Last week, a few days before my birthday, my daughters did something that took my breath away, and it instantly brought to mind this essay from a completely different stage of parenting, a story I began nearly a decade ago. You can read the original version here on Mutha from April 2021, but I’m sharing a modified variation complete with the ending I didn’t know the story needed until my birthday last week.
The Anti-Feminist Agenda of Family Wellness Night
There are only so many years of whac-a-mole bedtimes a parent can handle before breaking. Thus, when my daughters were 3 and 8, we decided to upgrade our haphazard nighttime routine and end the day on a less frazzled note.

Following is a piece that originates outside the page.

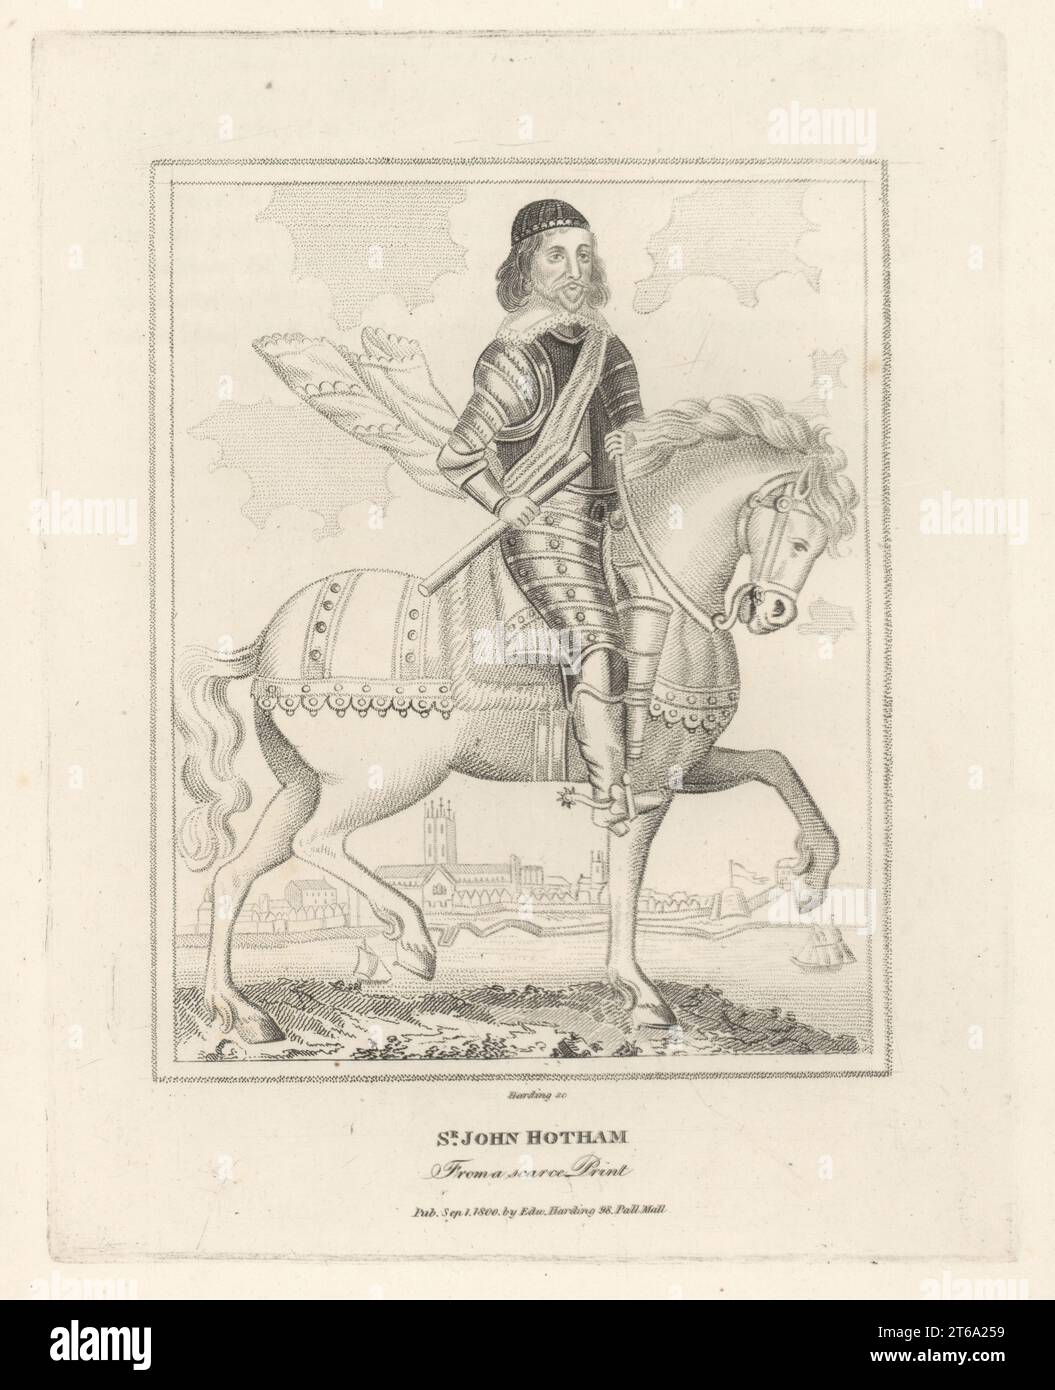 Sir John Hotham, 1st Baronet of Scorborough Hall, Yorkshire, c.1589-1645. Governor of Hull, Parliamentary soldier in the English Civil War, executed for treason. In cap, suit of plate armour, boots with spurs, holding a baton, mounted on a horse with pistol holster. View of Hull from the Humber with Holy Trinity Church (now Hull Minster) and the Citadel (fortress). Copperplate engraving by Edward Harding from John Adolphus The British Cabinet, containing Portraits of Illustrious Personages, printed by T. Bensley for E. Harding, 98 Pall Mall, London, 1799. Stock Photo

We called our new hippy-dippy ritual of meditation, breathing, brain gyms, essential oils, and gratitude, “Family Wellness Time.” During its glory days, it was a treasured part of our day and a welcome contrast to previous years of scrambling, scolding, and begging before collapsing on the couch for 45-minutes of television and perhaps a bourbon.
A year in, I decided to implement a weekly “bucket filling” practice familiar to most preschool parents: each family member gave a (theoretically) genuine compliment to everyone else.

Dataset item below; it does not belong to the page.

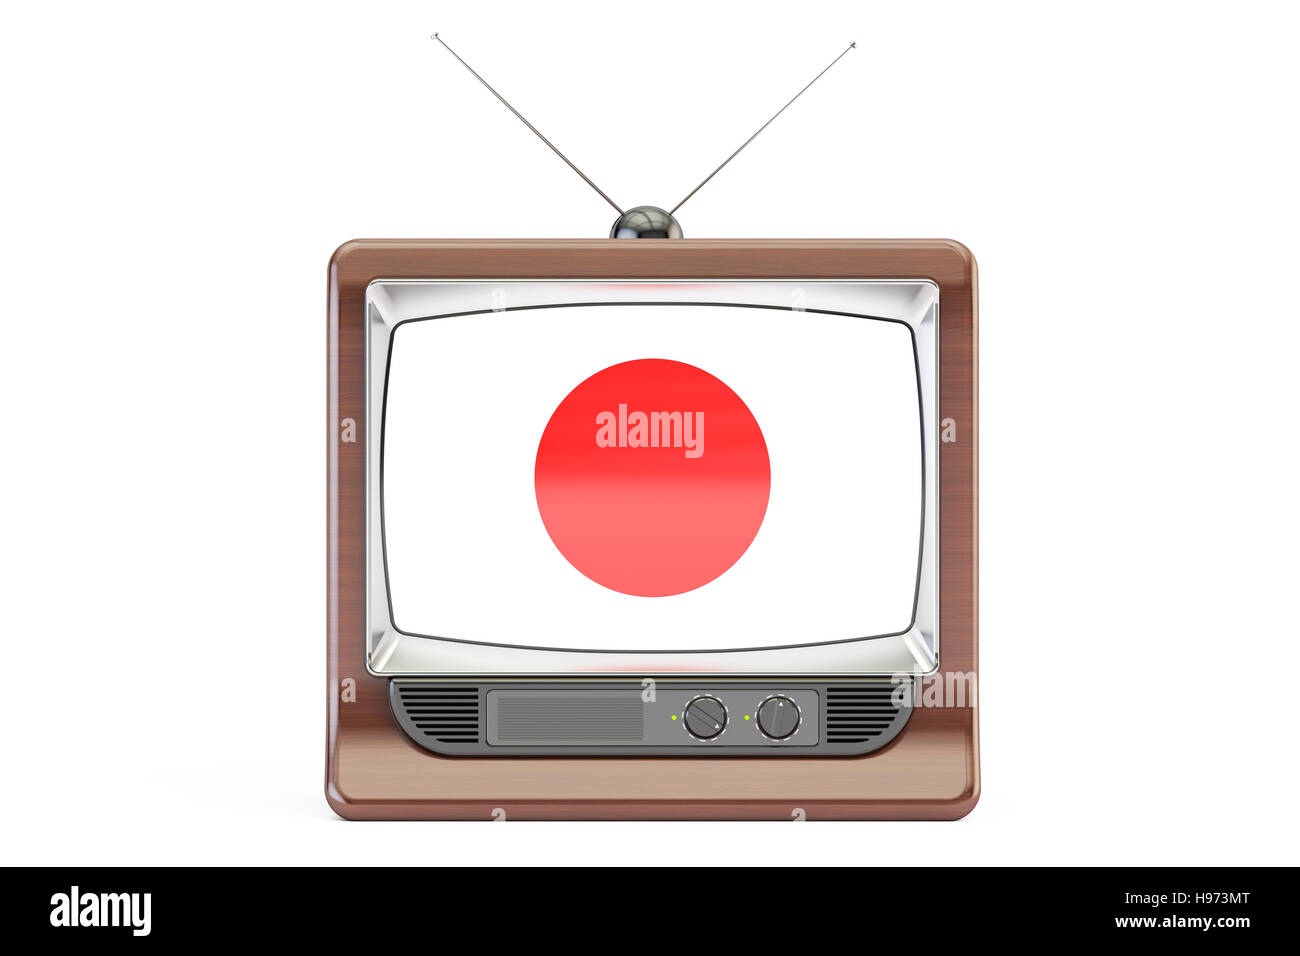 Old TV set with flag of Japan. Television concept, 3D rendering isolated on white background Stock Photo

The first time, I was pleased to hear my daughters sincerely complimenting each other’s positive qualities and chiming in with things they liked and admired about Daddy. And then it was my turn.
“I love how you’re always there for me when I need you, Mommy,” my oldest began.
“I love how you snuggle me, Mommy,” my four-year-old chirped.
“I like how you’ve brought music and family wellness into our lives,” my husband added.
It was sweet, and I appreciated that my family felt nurtured by me.
Yet as the weeks passed, I began to notice a slightly troubling pattern. My family members easily complimented each other’s talents. But when the time came for the family to “fill Mommy’s bucket,” the contributions all took a similar turn: What Mommy did for each of them.
I attempted to depersonalize it and take a larger, more intellectual view of things. Wasn’t it fascinating that children acknowledged the positive qualities of their caregivers through such a specific lens?
Children are naturally egocentric and perceive other people as relative to themselves, I assured myself. But the girls had no problem using adjectives to describe their father’s attributes: Brave, funny, strong, good at fixing things.
It seemed that only I was adored solely for the ways in which I fulfilled other family member’s needs— my gifts were all those of service. Apparently, my family viewed me as the one cliché I had worked desperately to avoid: the martyr. Which meant only one thing: my efforts to raise young feminists was a miserable fucking failure.
I had taken active steps to help my children perceive me as a whole person, making time for myself; writing about motherhood and feminism; spending time with friends; I avidly and sometimes feverishly practiced self-care.
Whenever the flares of guilt at indulging in such activities would arise, I repeated the reassuring mantra that I was paving the way for my daughters to one day be whole, fulfilled mothers.
Week after bucket-filling week, my family praised how I cooked for them, helped with homework, and provided hugs. I felt ashamed for dismissing these accolades as empty and meaningless; what mother would be disappointed with the acknowledgement that she was a comforting, steadfast presence who met her family’s needs? Was I really such a hopeless narcissist that I needed them to lavish me with praise for my abilities and achievements?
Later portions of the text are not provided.